Material to process:
((
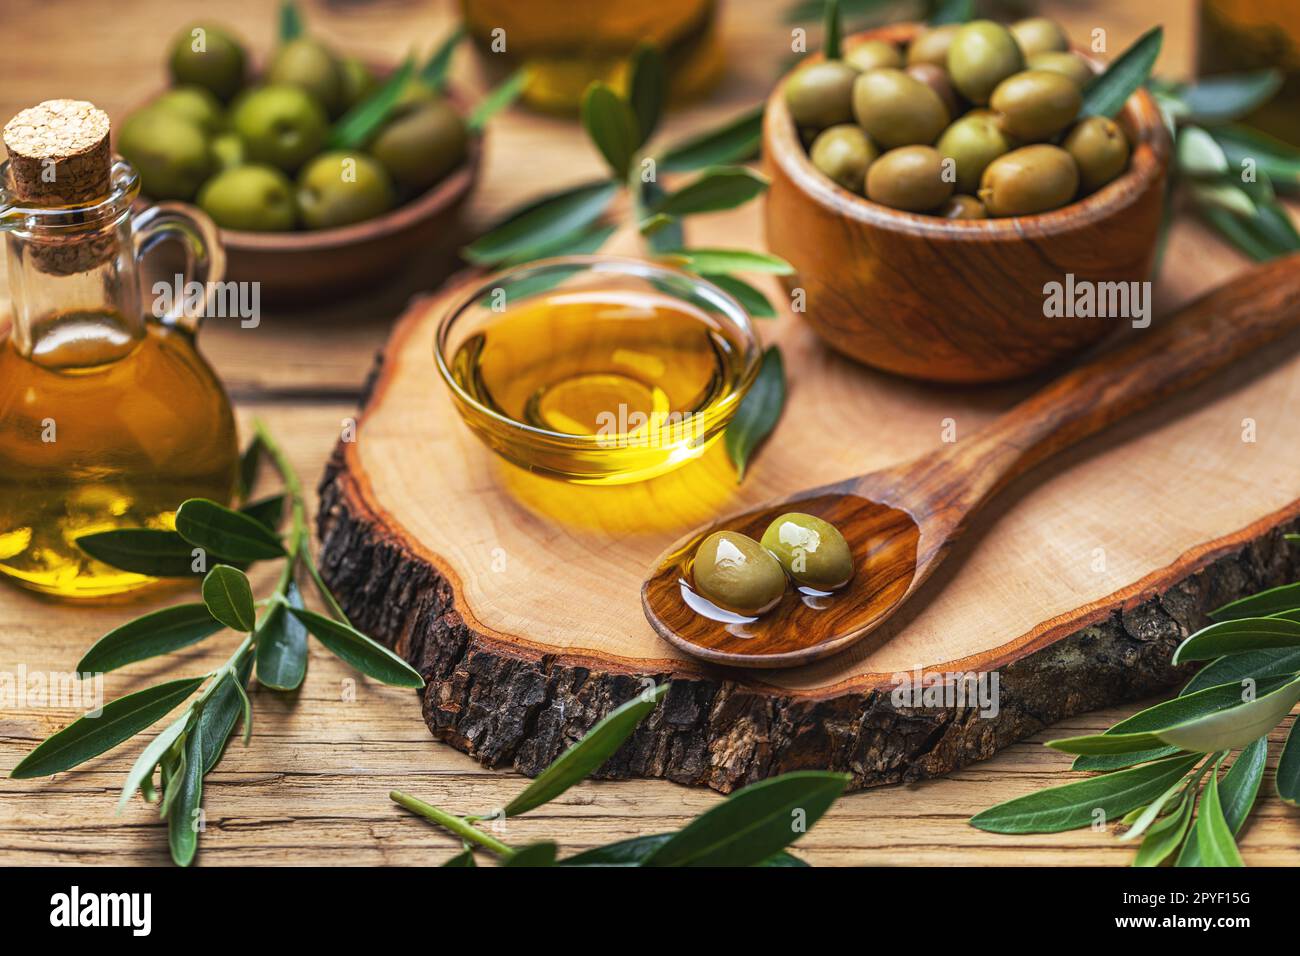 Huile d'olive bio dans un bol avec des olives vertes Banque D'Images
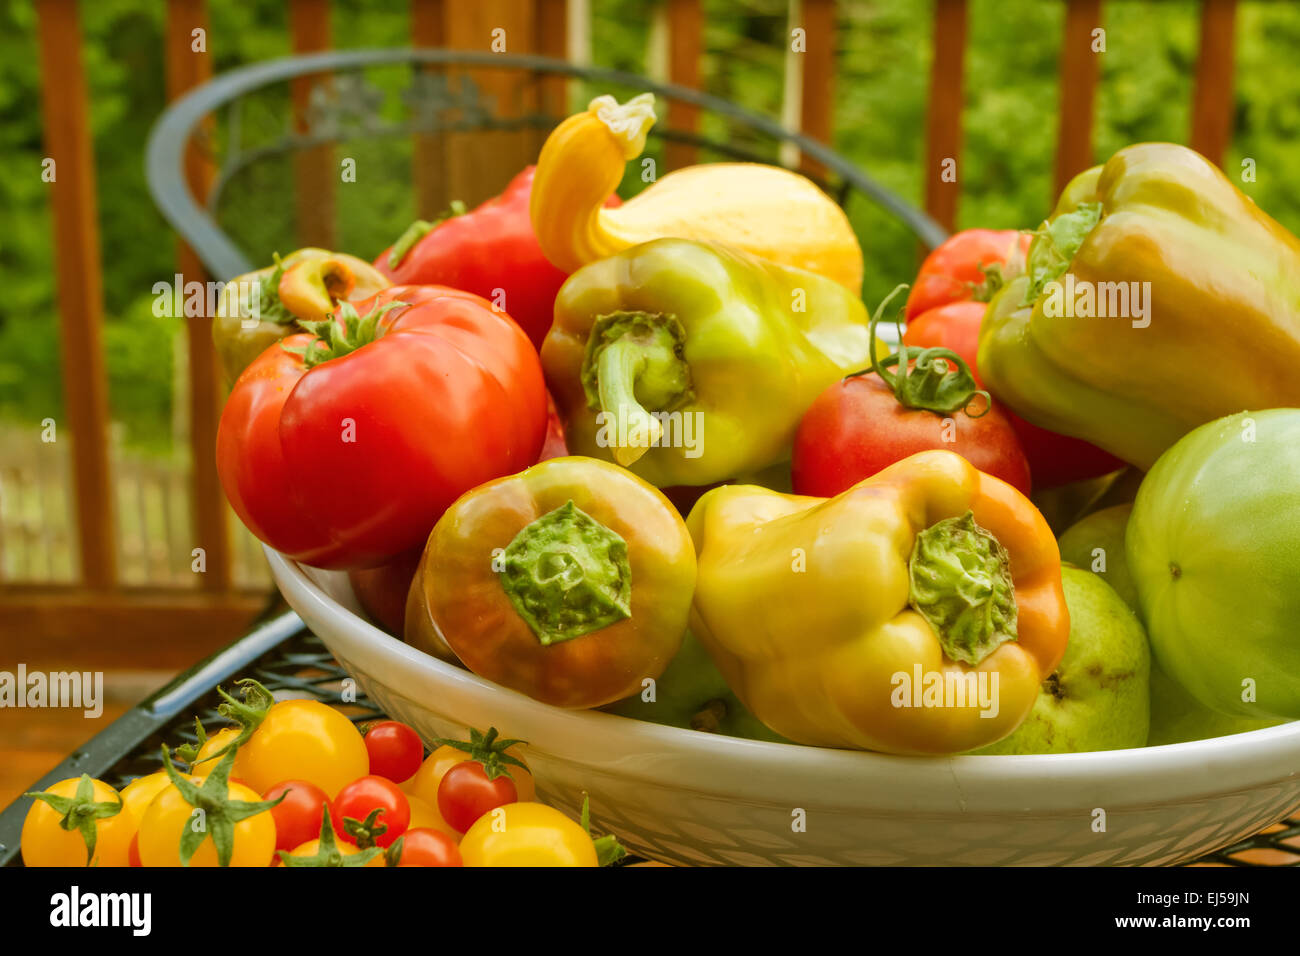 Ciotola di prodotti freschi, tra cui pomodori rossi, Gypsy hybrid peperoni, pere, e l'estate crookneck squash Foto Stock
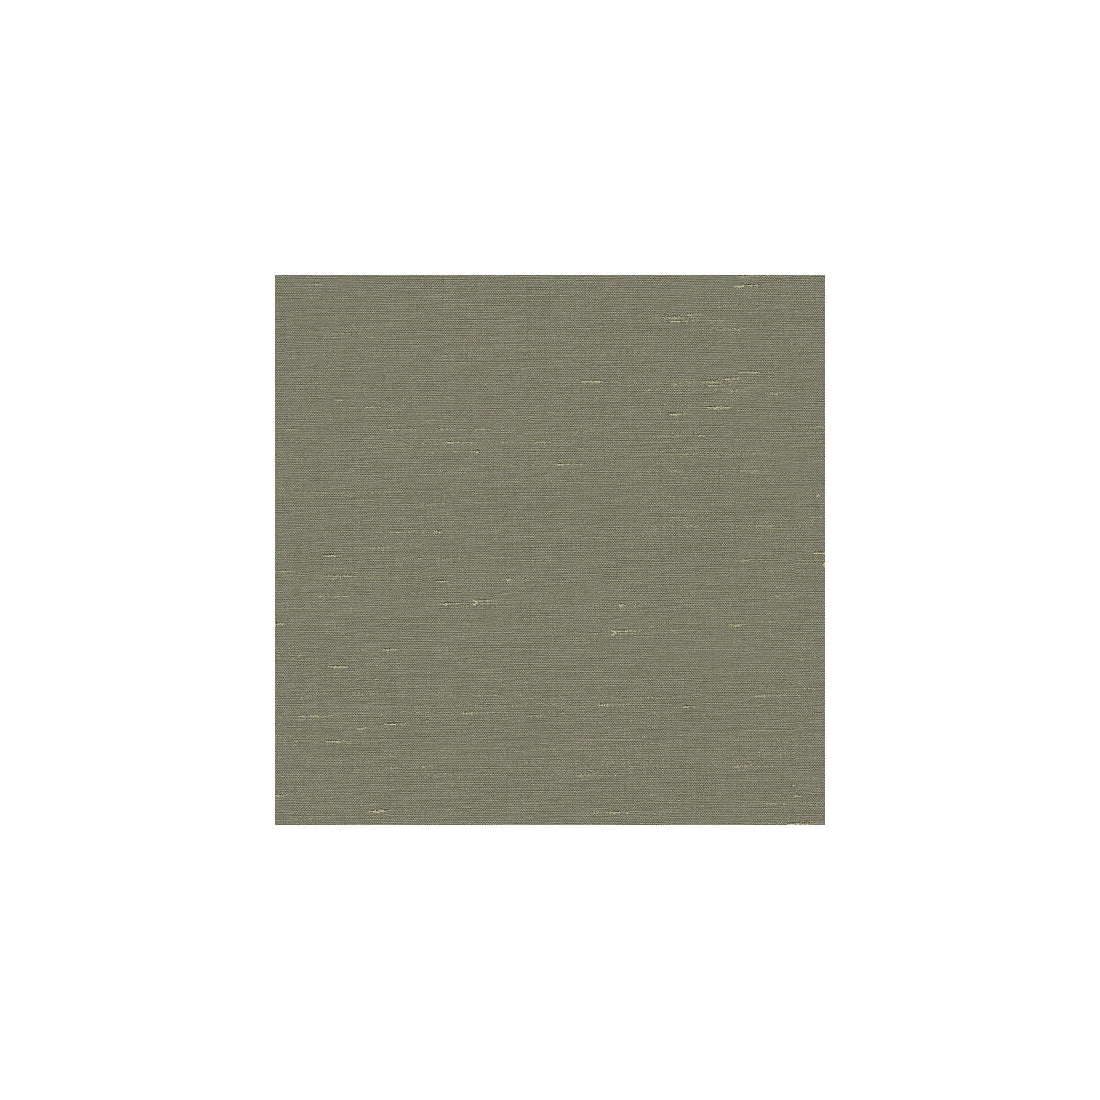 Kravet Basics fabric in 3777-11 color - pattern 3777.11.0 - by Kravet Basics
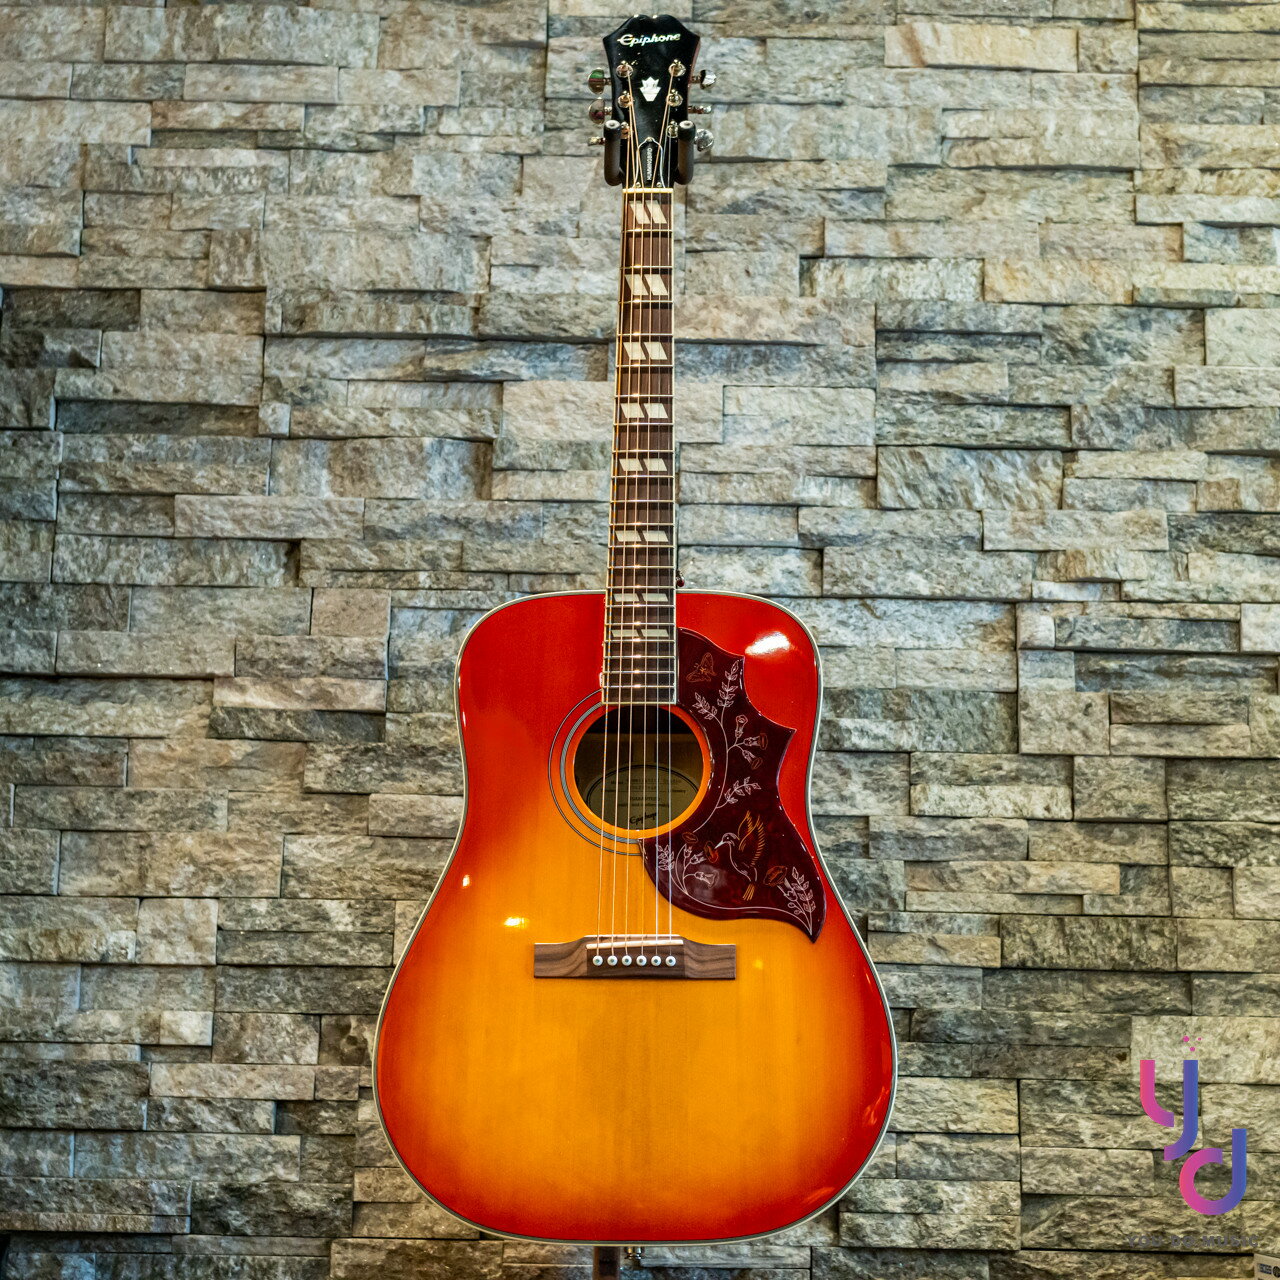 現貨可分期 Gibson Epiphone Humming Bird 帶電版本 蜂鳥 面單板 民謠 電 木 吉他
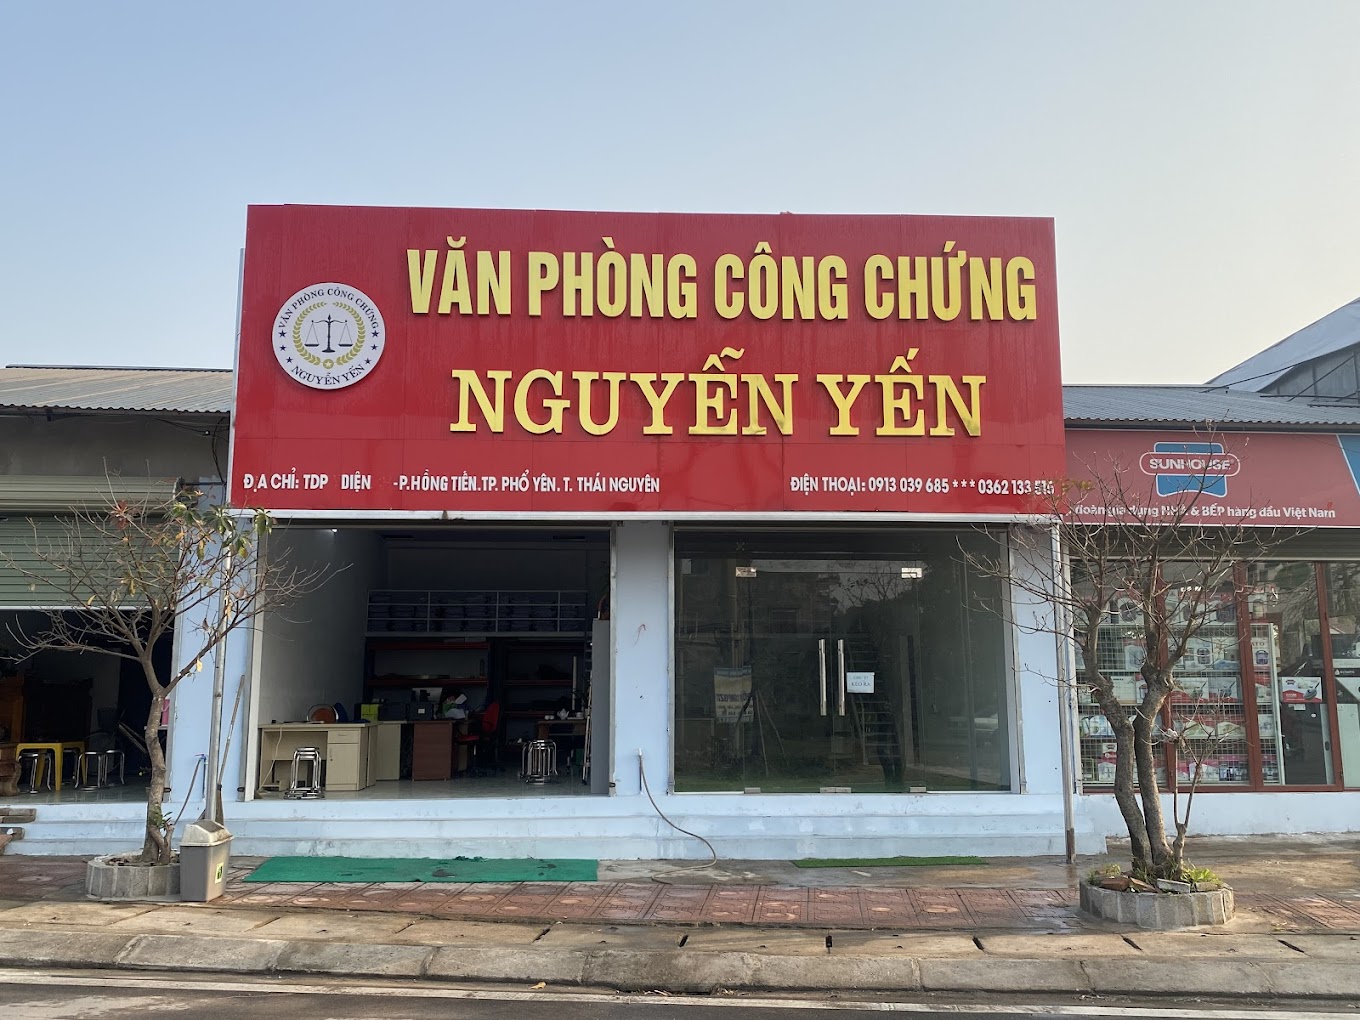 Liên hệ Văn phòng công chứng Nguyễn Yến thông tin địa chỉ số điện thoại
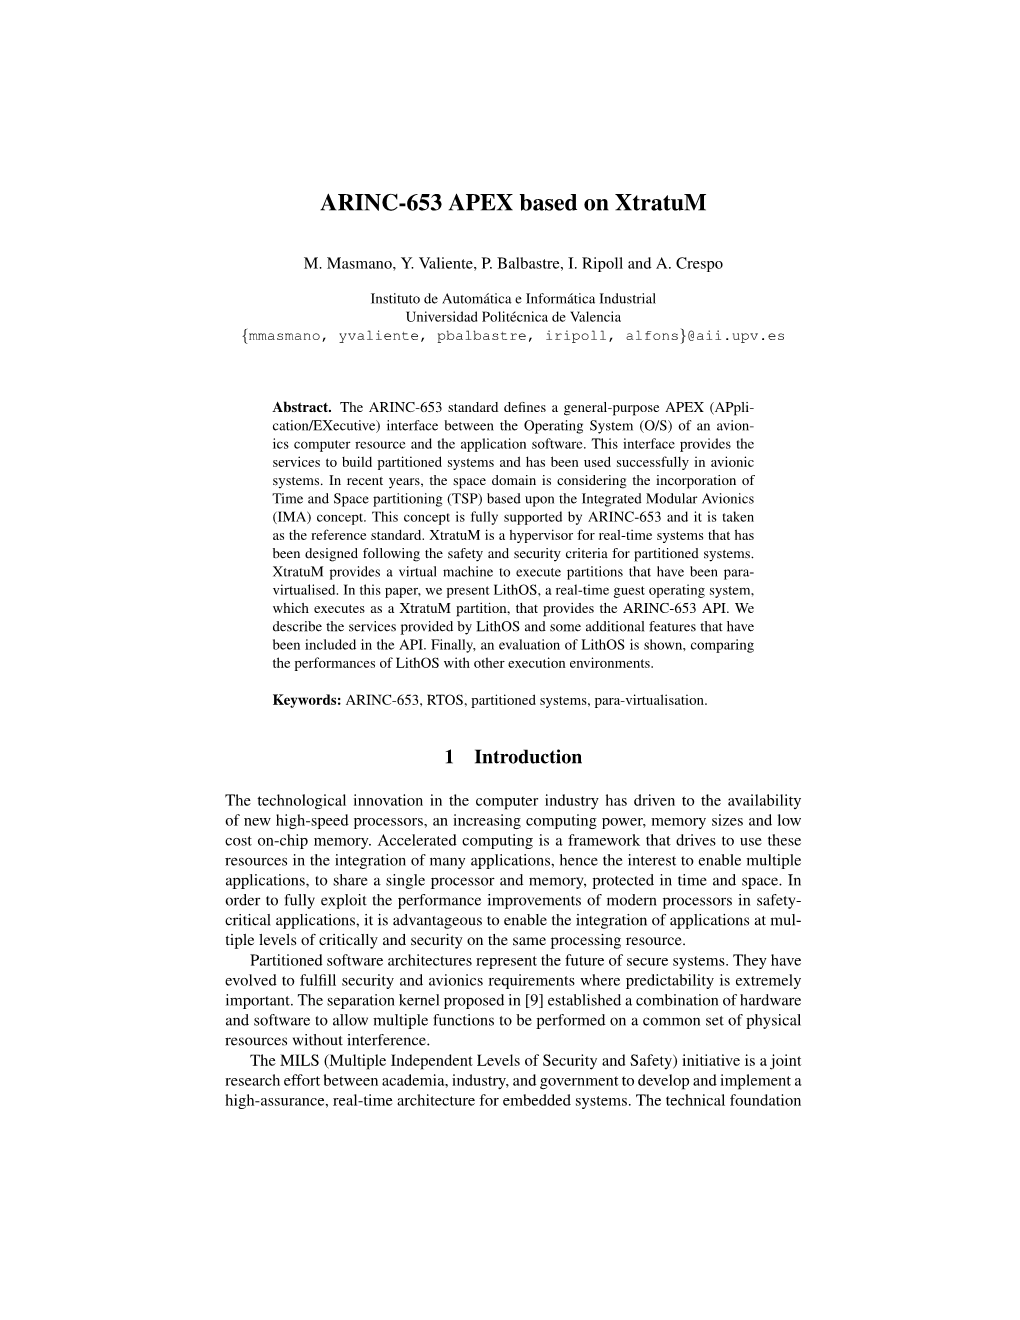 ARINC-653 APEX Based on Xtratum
))
Task goal: Please retype every record shown above, exactly as written, but without pictures.

Solution for this problem:
 Huile d'olive bio dans un bol avec des olives vertes Banque D'Images
 Ciotola di prodotti freschi, tra cui pomodori rossi, Gypsy hybrid peperoni, pere, e l'estate crookneck squash Foto Stock
 Kravet Basics fabric in 3777-11 color - pattern 3777.11.0 - by Kravet Basics
 現貨可分期 Gibson Epiphone Humming Bird 帶電版本 蜂鳥 面單板 民謠 電 木 吉他
 Liên hệ Văn phòng công chứng Nguyễn Yến thông tin địa chỉ số điện thoại
 ARINC-653 APEX Based on Xtratum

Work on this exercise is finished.